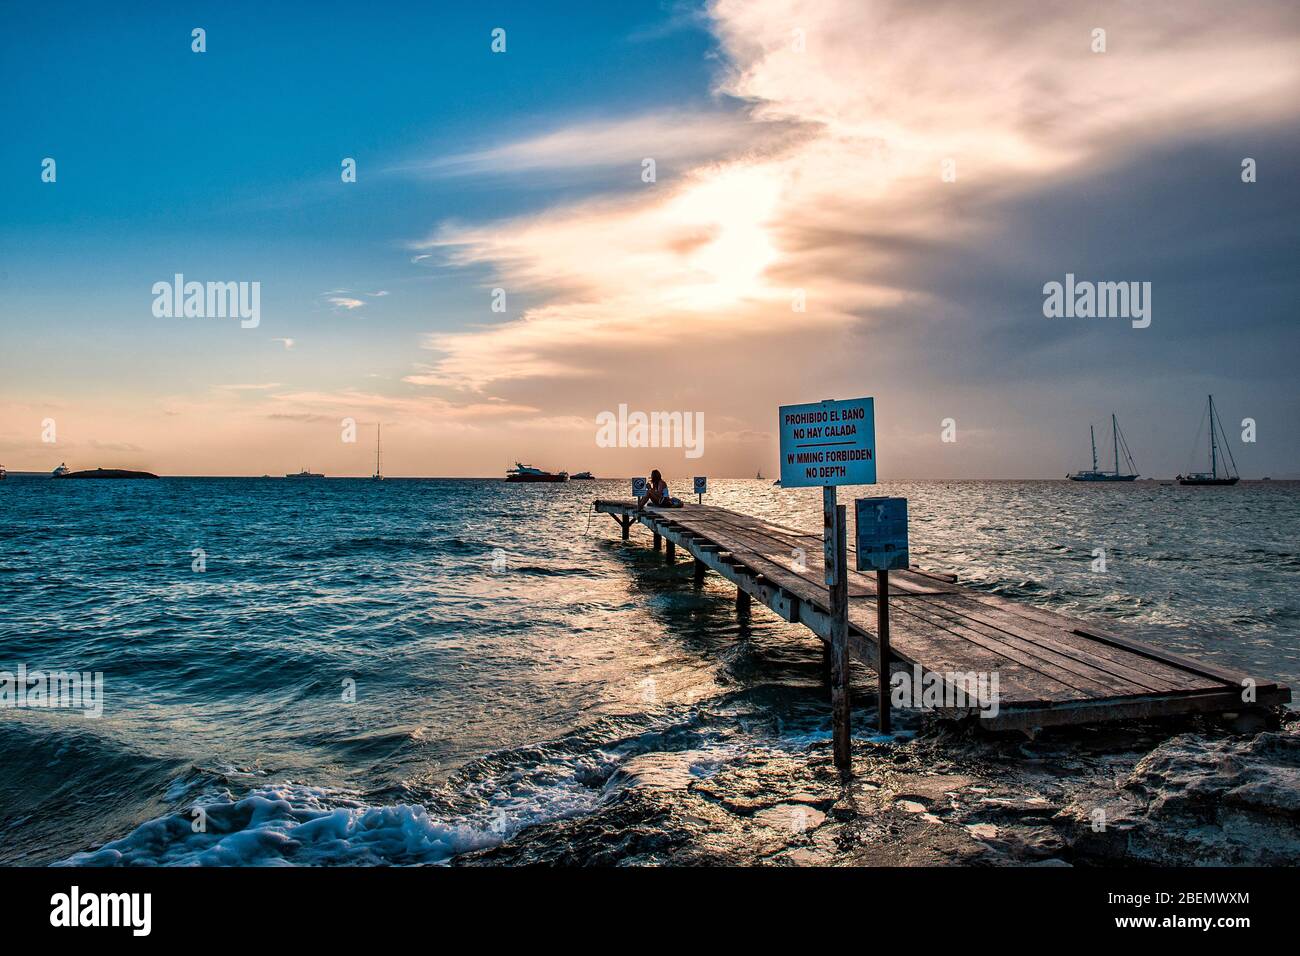 Ses Illetes Beach, Formentera, Balearic Islands, Spain. Photos at sunset of the sea walkway for mooring boats. A beautiful cloud covers the sun. Stock Photo
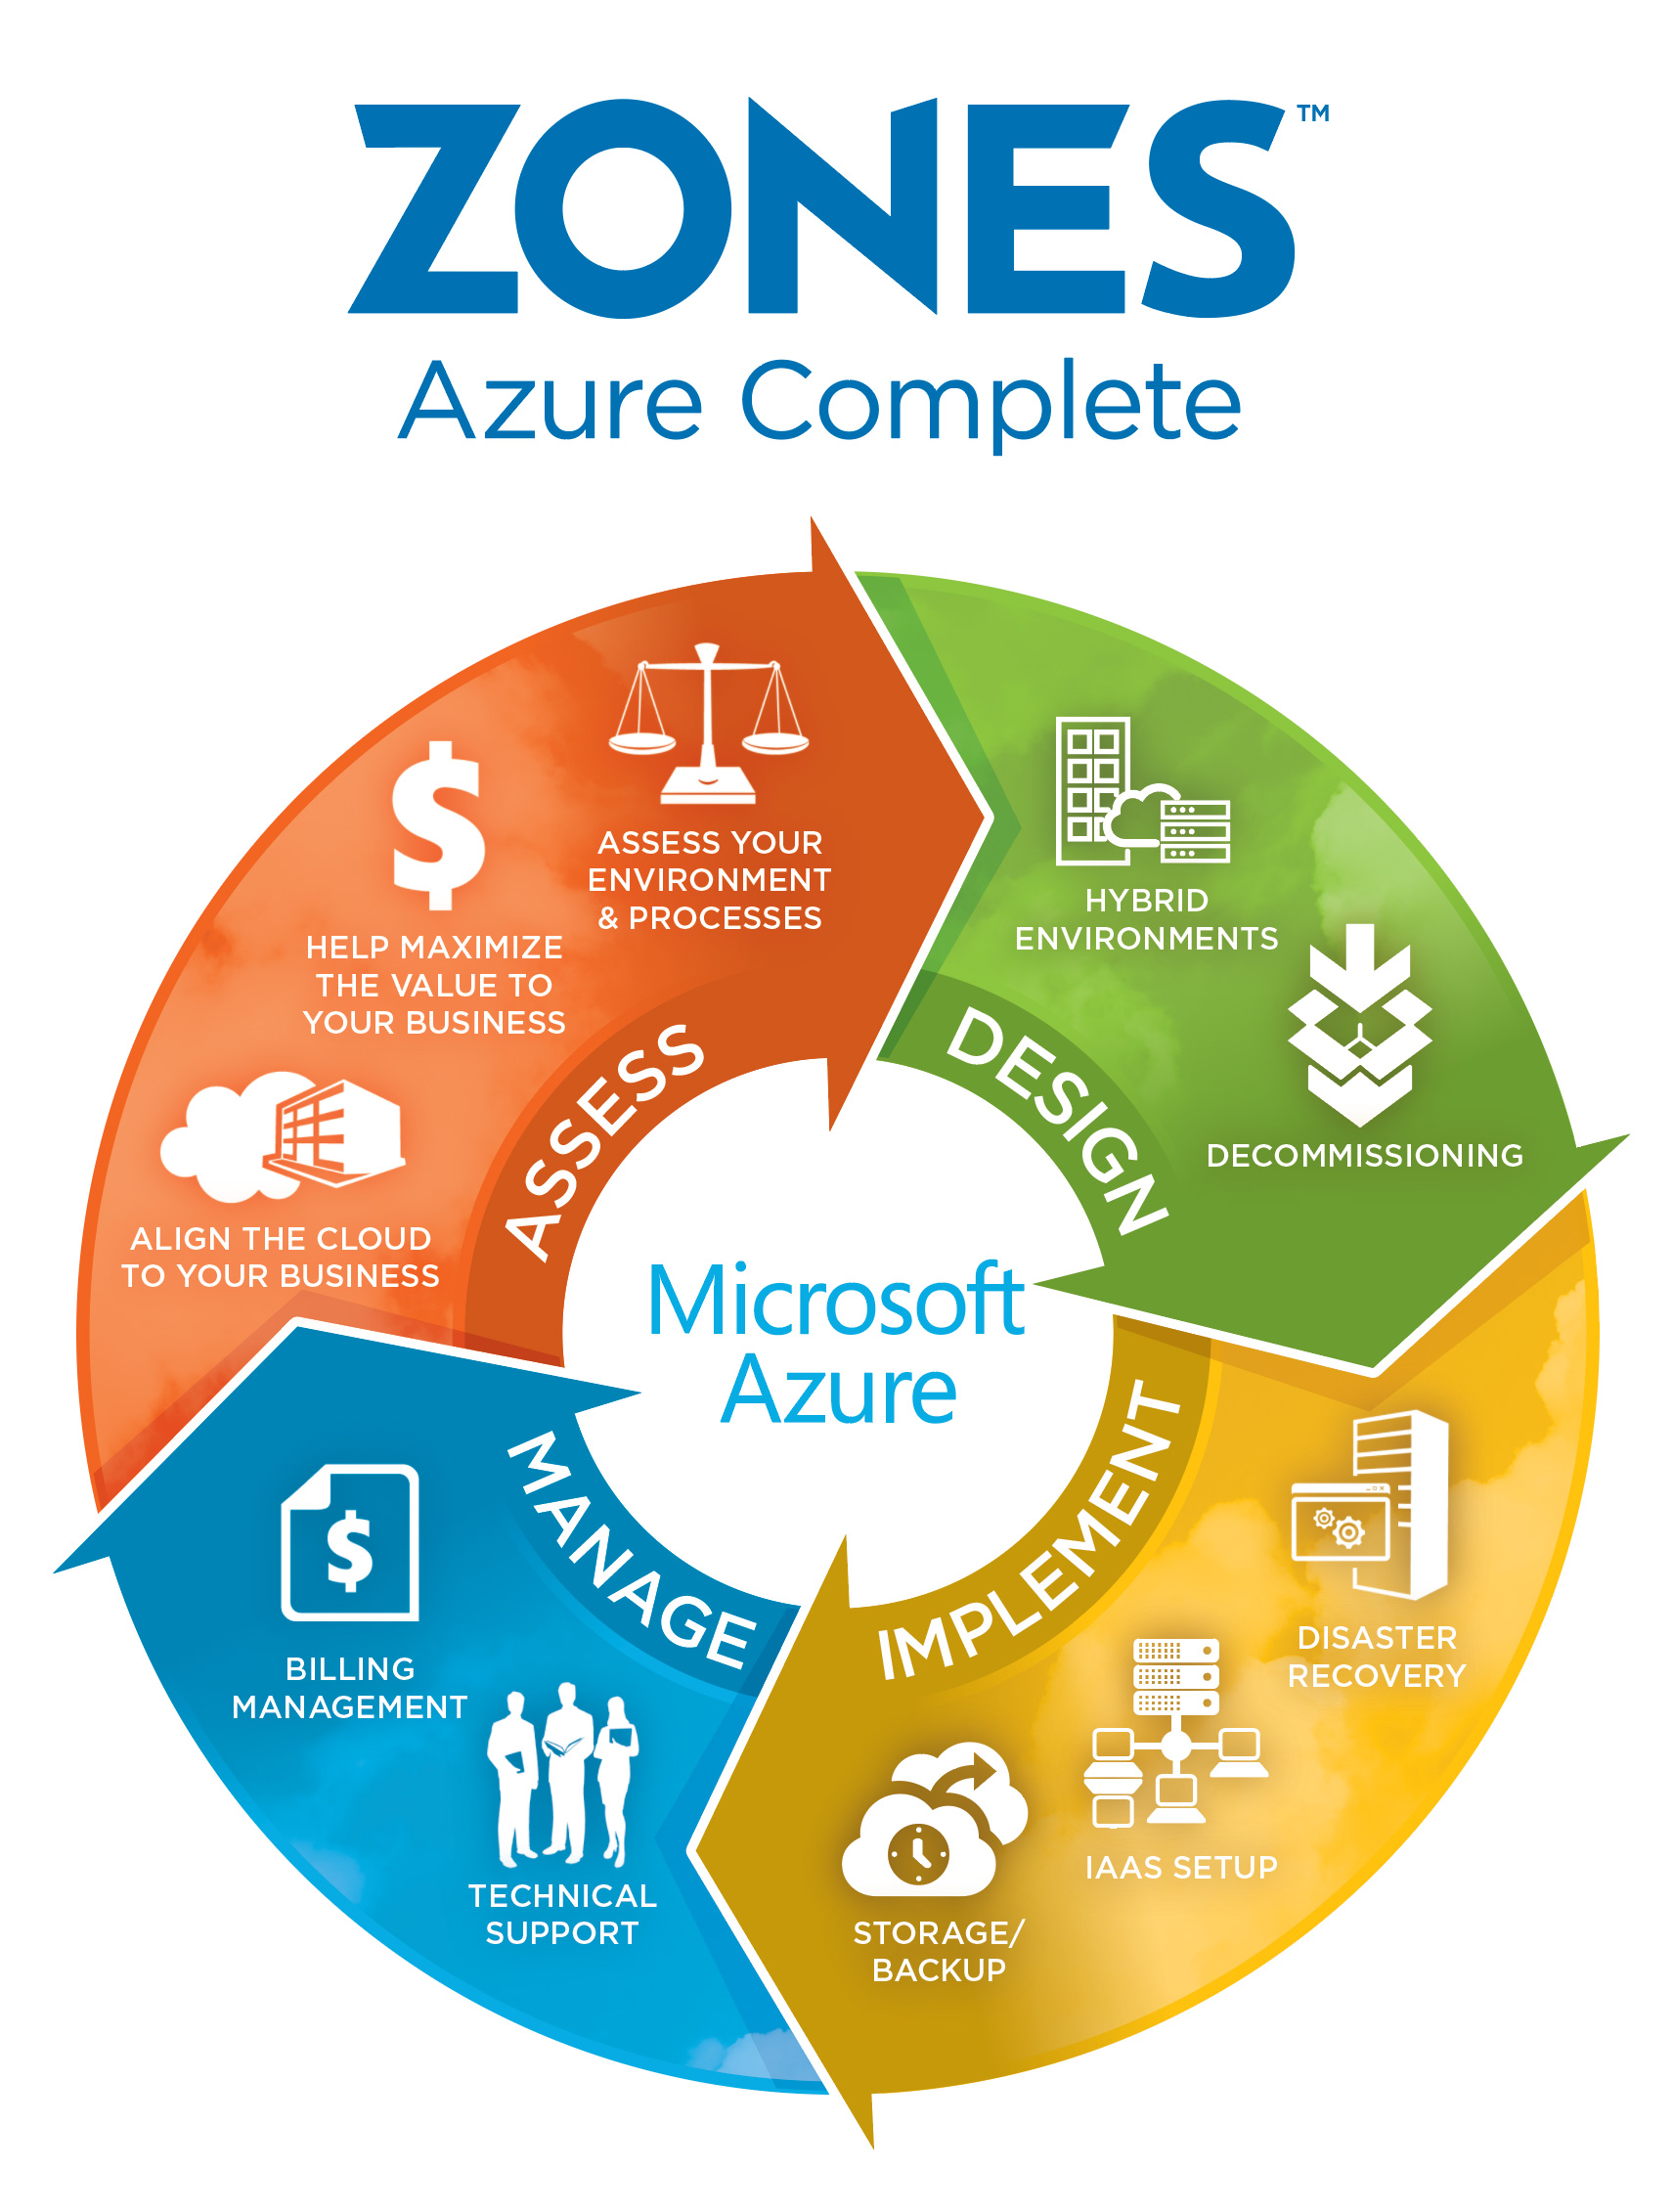 Modernize your business with Zones Azure Complete
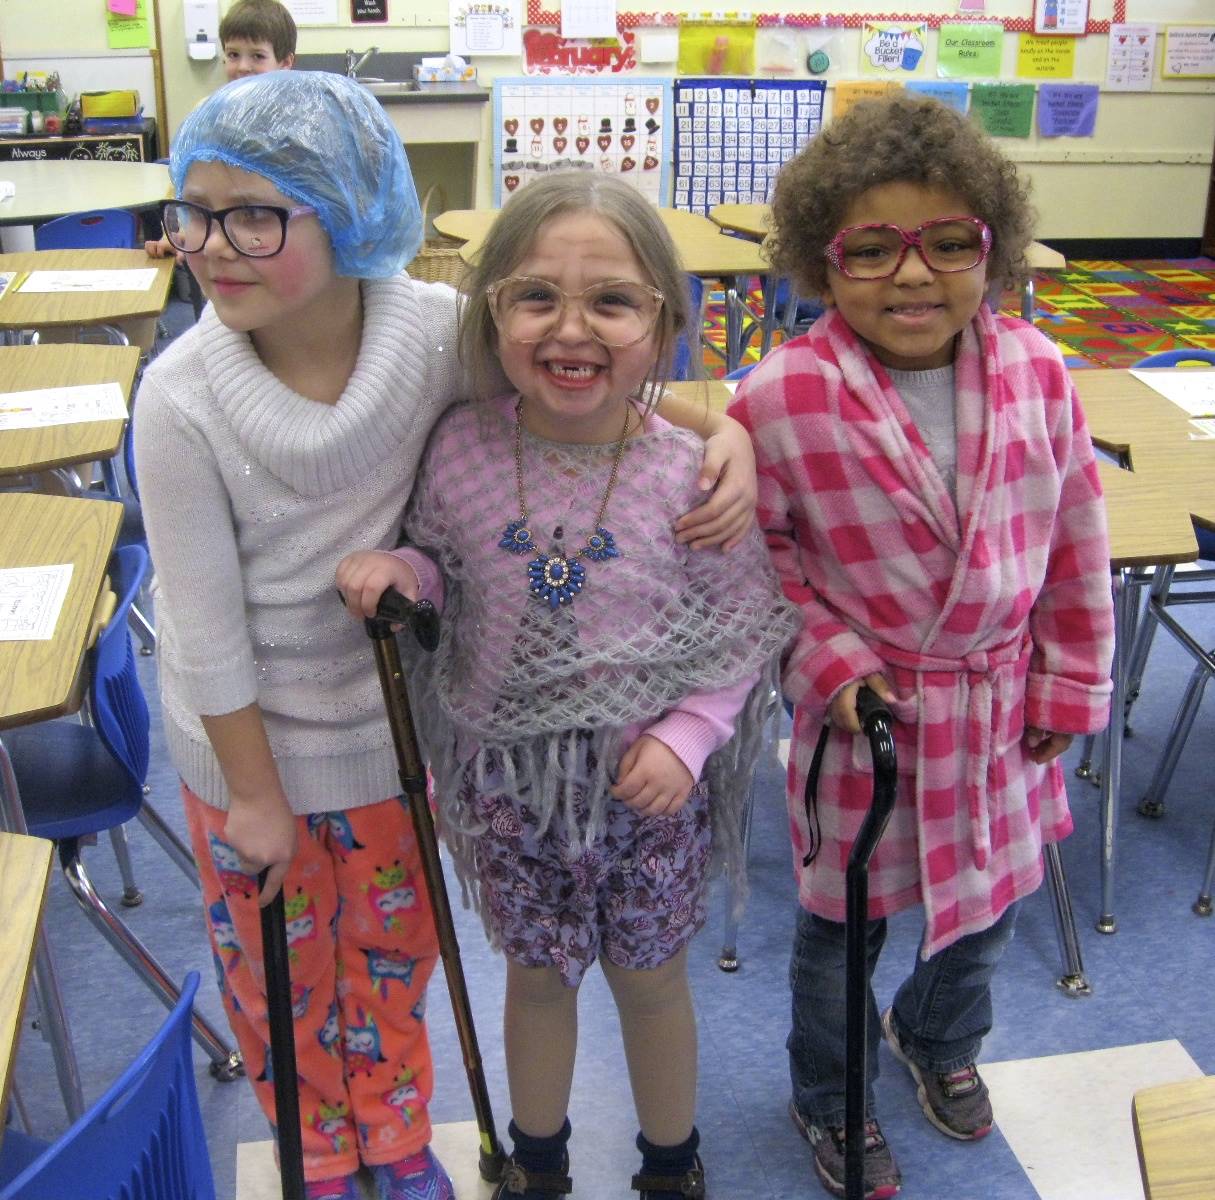 3 students dressed as 100 years old.

> **Task prompt**
Give the data again exactly as it stands, apart from the pictures.

> **Result of the exercise**
 Ses Illetes Beach, Formentera, Balearic Islands, Spain. Photos at sunset of the sea walkway for mooring boats. A beautiful cloud covers the sun. Stock Photo
 Modernize your business with Zones Azure Complete
 3 students dressed as 100 years old.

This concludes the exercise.